/language_identifier

This is a script that uses a statistical model to identify the language of an input text

Primary LanguagePython

language_identifier

This is a script that uses a statistical model to identify the language of an input text

This implementation is based on: William B. Cavnar and John M. Trenkle. 1994. N-grambased text categorization. In Proceedings of SDAIR’94, pages 161–175.

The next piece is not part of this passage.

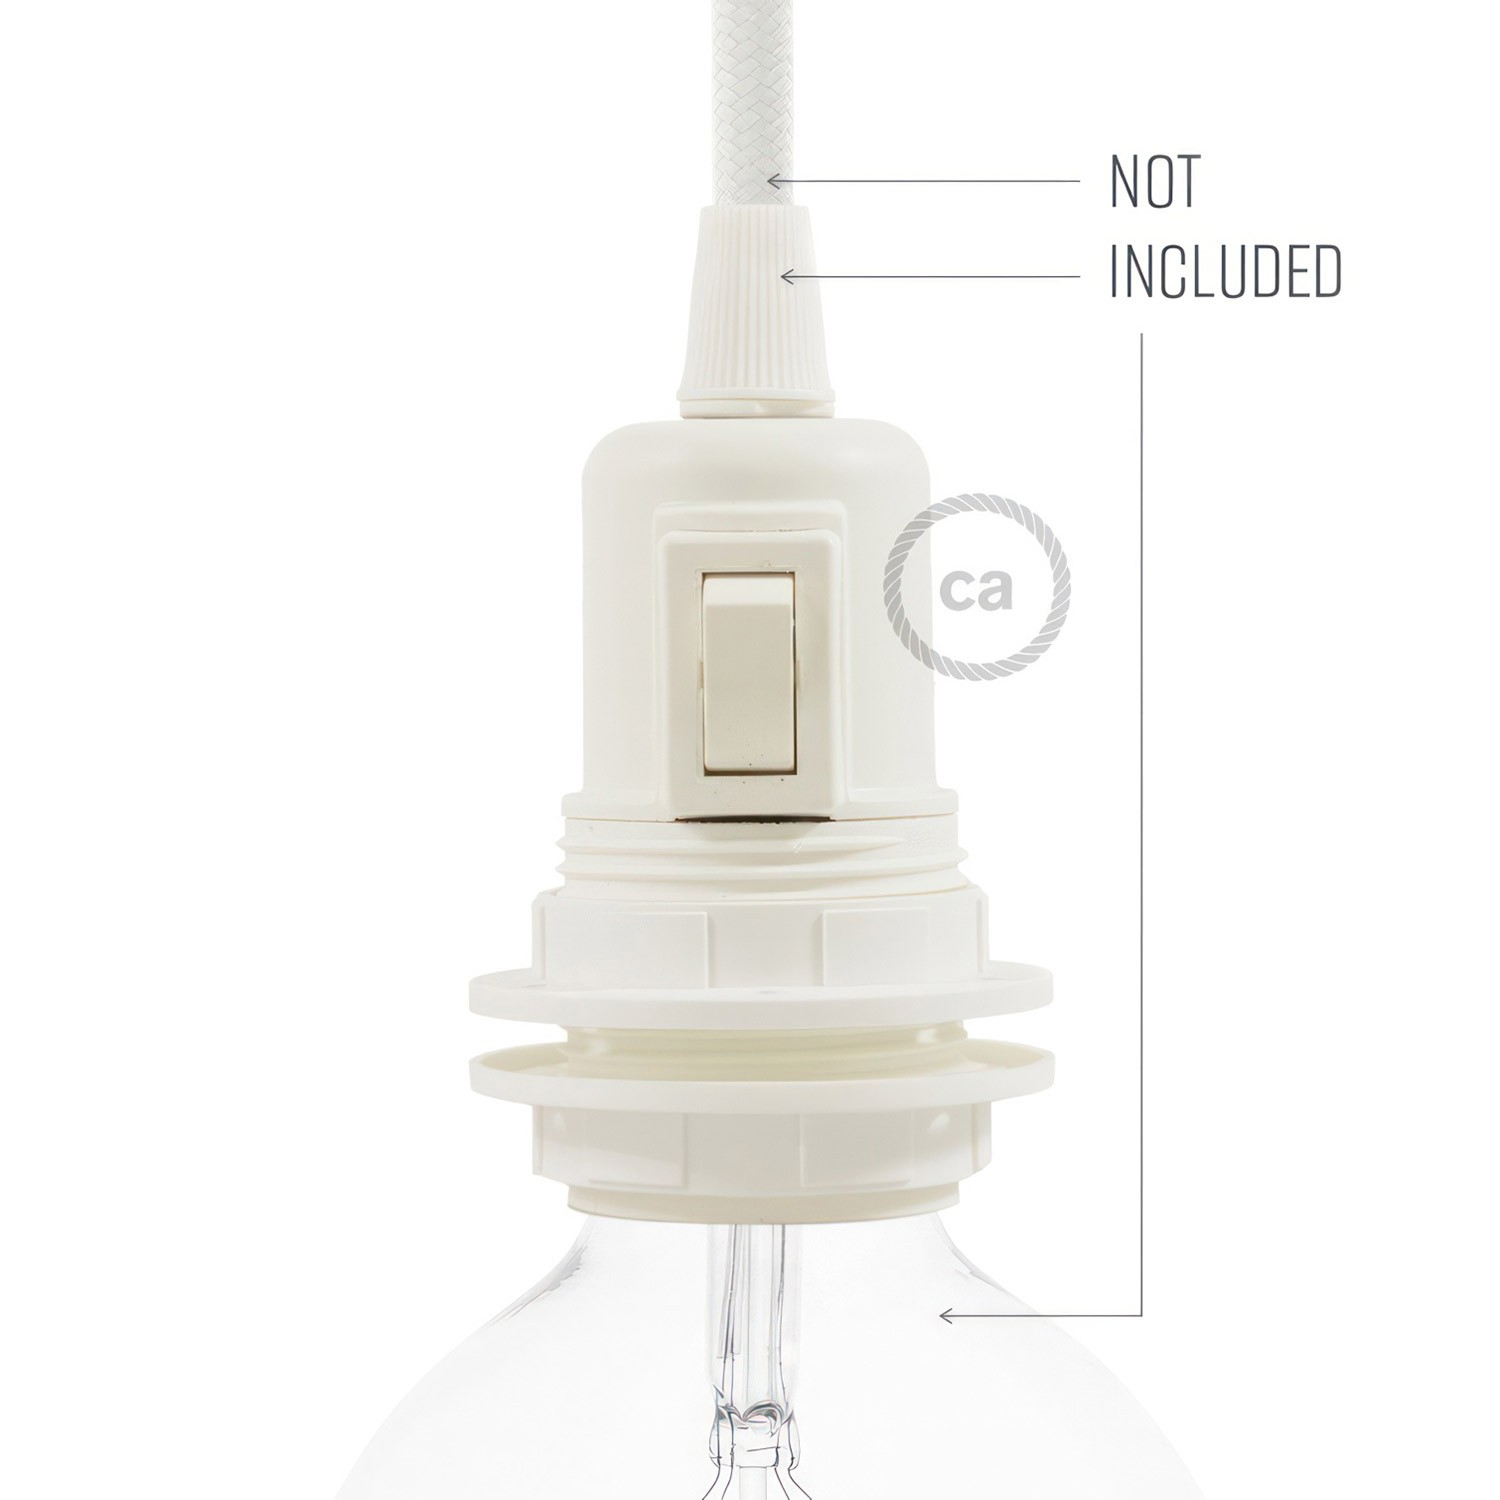 Kit lamphållare E27 i termoplast med dubbel skärmring för lampskärm och strömbrytare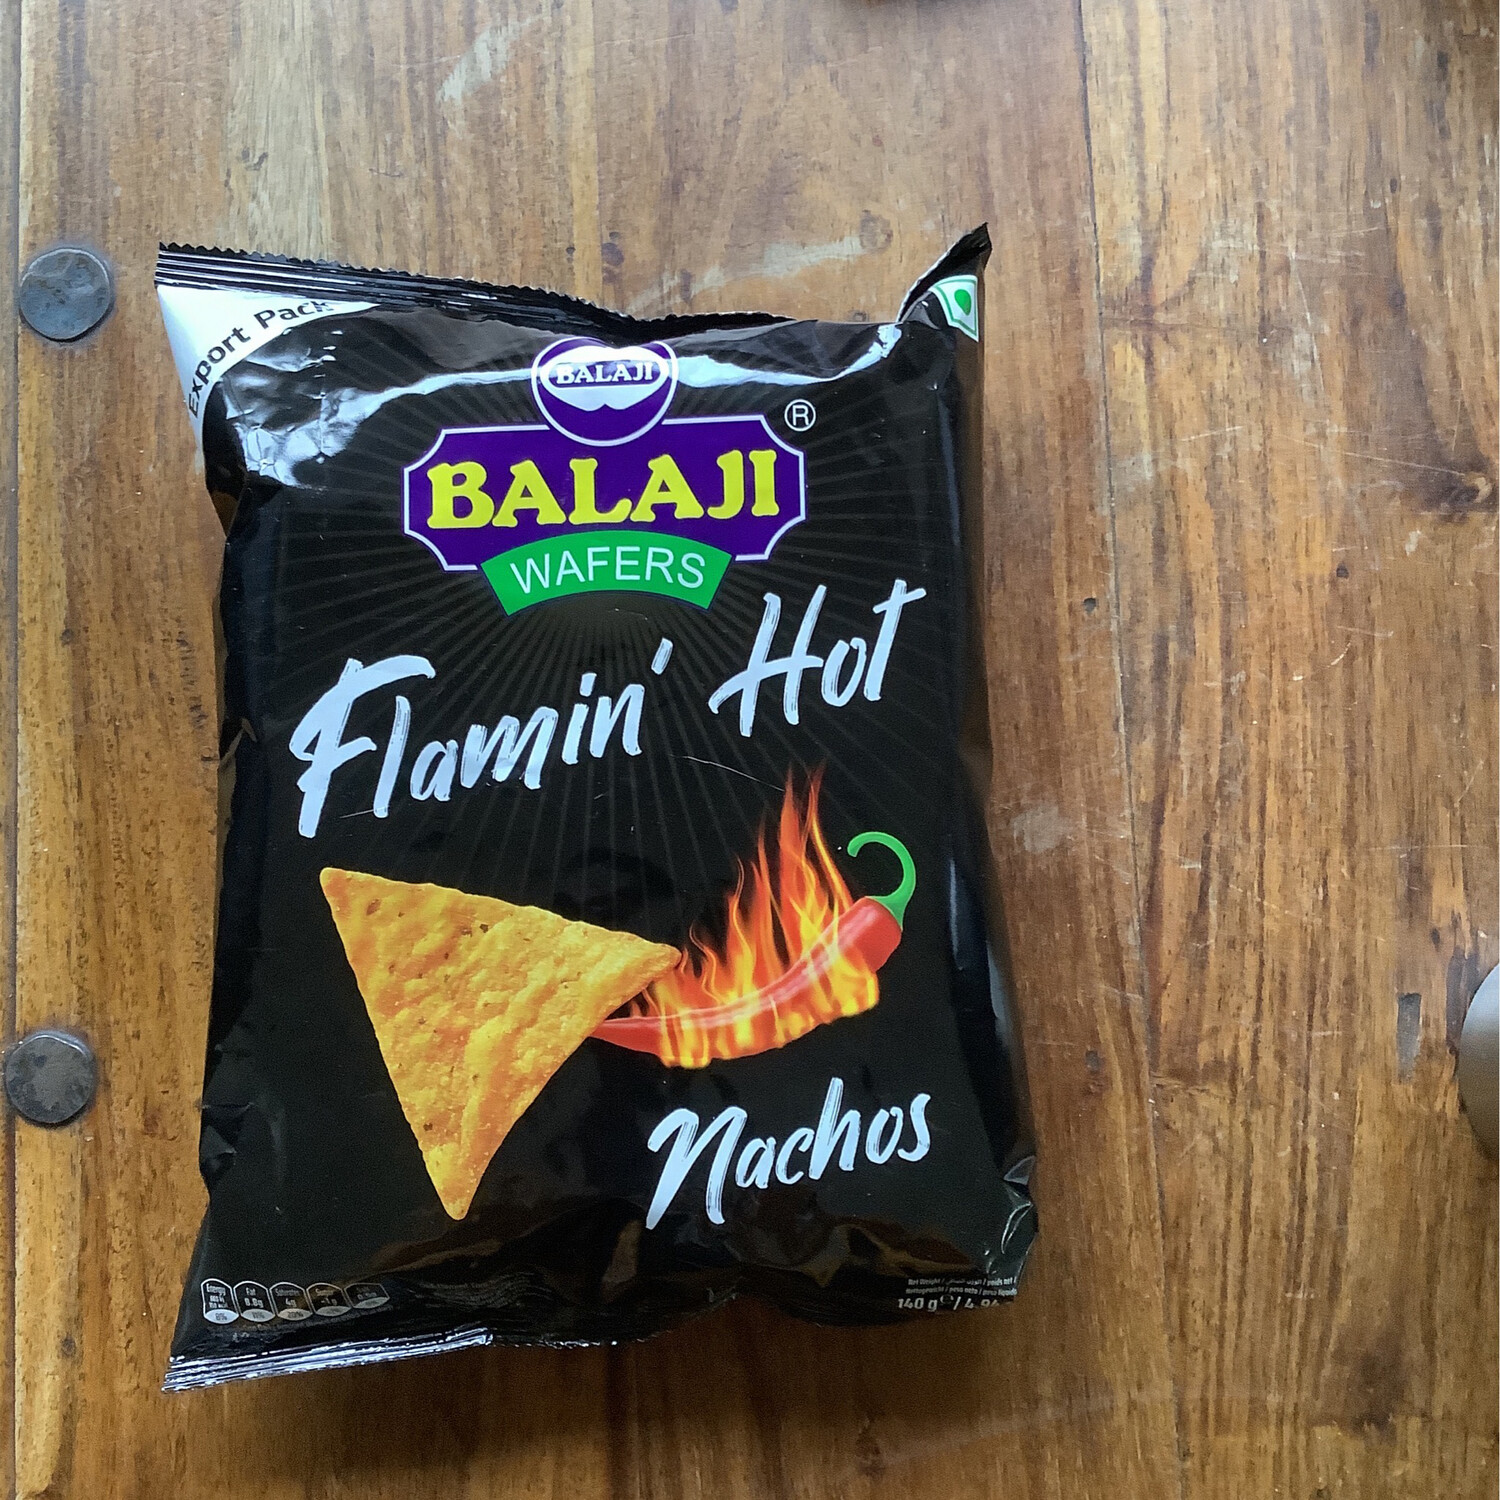 Balaji flamin hot nachos 140g

The program is trained on data from 4 languages that are closely related (Persian and Arabic as two languages that share the same orthography and a considerable amount of common vocabulary, and Spanish and Portuguese which are two closely related Latin-based European languages). The data are collected randomly from different sections of the BBC news website for the relevant languages. For each language 10 documents are used for training and 2 are left for final testing. Therefore there are 40 training and 8 test documents. Initially I wanted to augment this technique by introducing a heuristic that would halve the distance of an input text from a target class by the use of stop words. It would compute the percentage of coverage of stop words between the input and the separate lists of stop words in the 4 languages. The one that would be higher than a certain threshold and bigger than the 3 other percentages would trigger the program to halve the distance from the input to that specific target language in the original n-gram based model.

Nevertheless the baseline method itself seems to be good enough for my limited purposes here, so I decided to not alter the original algorithm.